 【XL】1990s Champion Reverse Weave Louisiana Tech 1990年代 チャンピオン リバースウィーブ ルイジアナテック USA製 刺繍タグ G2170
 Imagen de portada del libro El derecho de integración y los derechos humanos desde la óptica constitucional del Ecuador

---

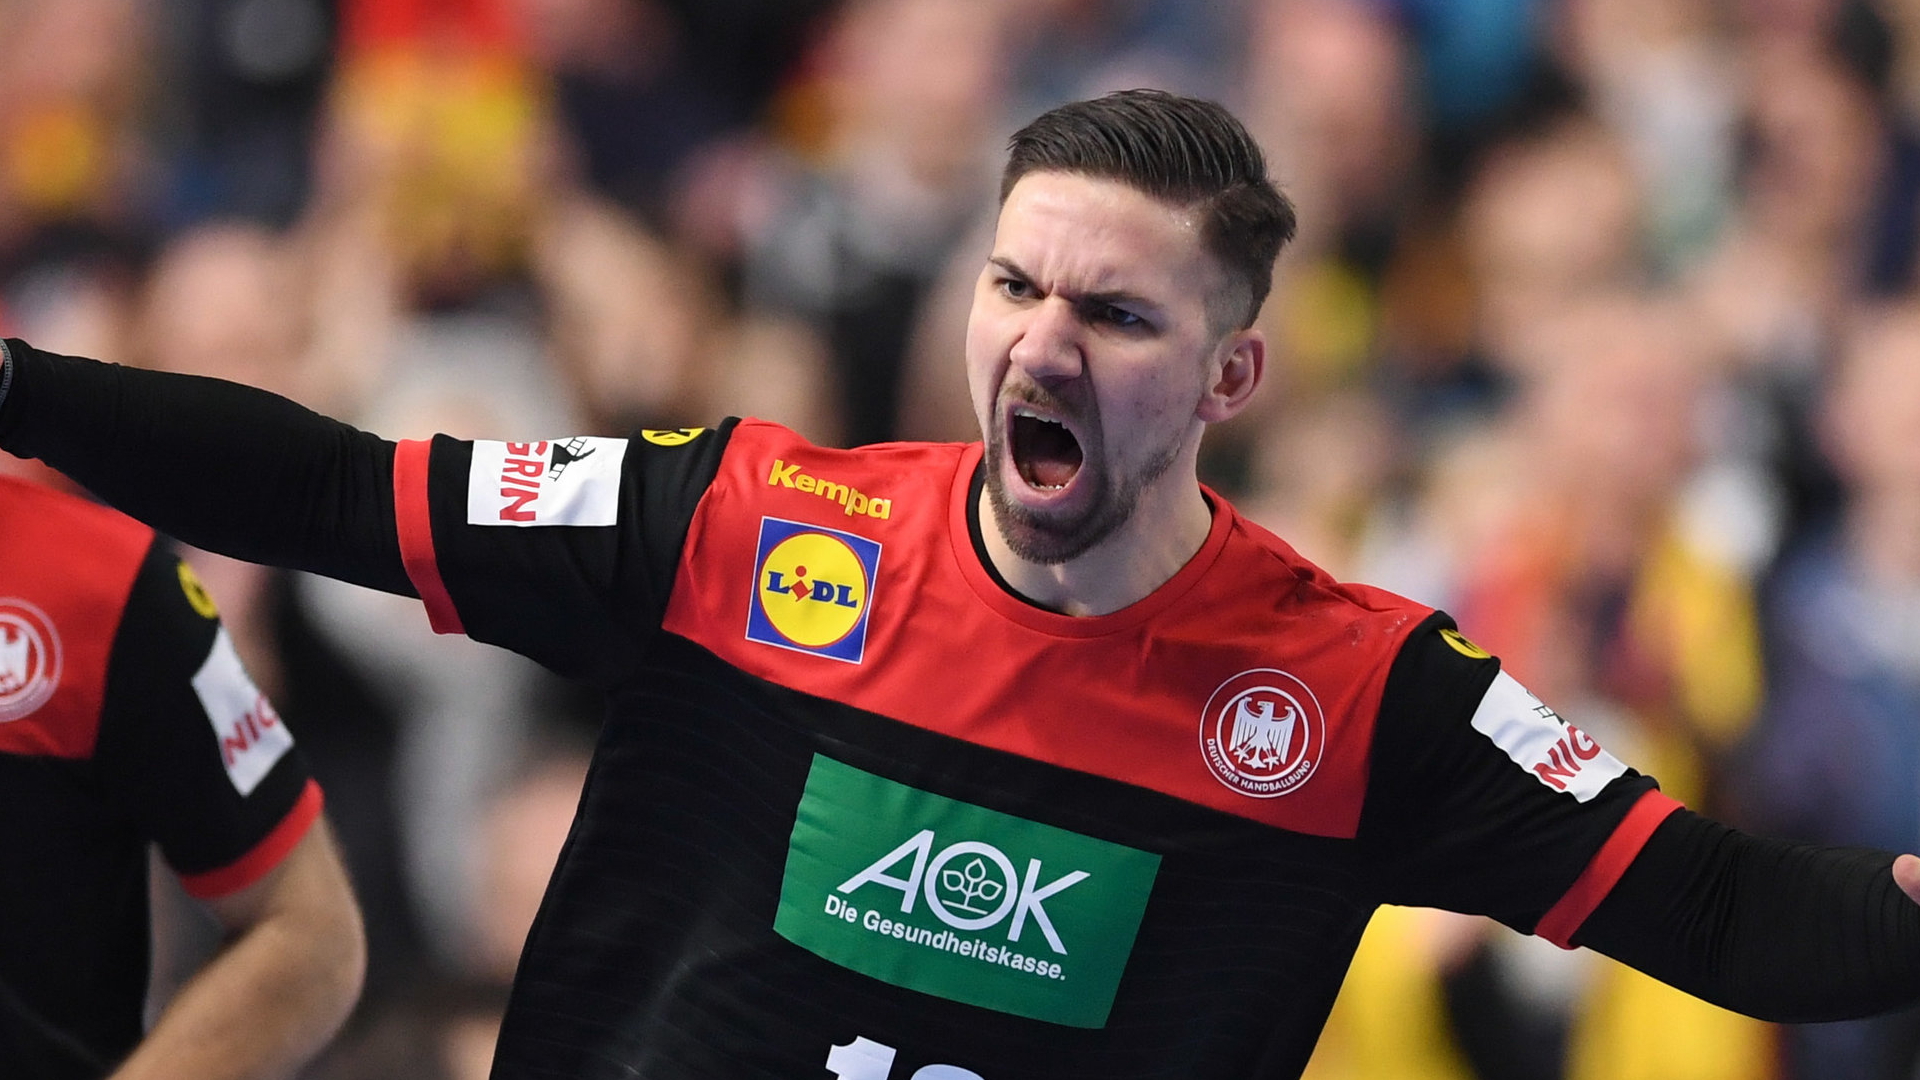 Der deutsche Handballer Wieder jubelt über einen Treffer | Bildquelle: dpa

▶ [TASK DESCRIPTION]:
Retype the portion of the data above that starts on the line with "USA製 刺繍タグ G2170" and finishes on the line with "Imagen de portada", including both of those lines.

▶ [RESPONSE BELOW]:
 【XL】1990s Champion Reverse Weave Louisiana Tech 1990年代 チャンピオン リバースウィーブ ルイジアナテック USA製 刺繍タグ G2170
 Imagen de portada del libro El derecho de integración y los derechos humanos desde la óptica constitucional del Ecuador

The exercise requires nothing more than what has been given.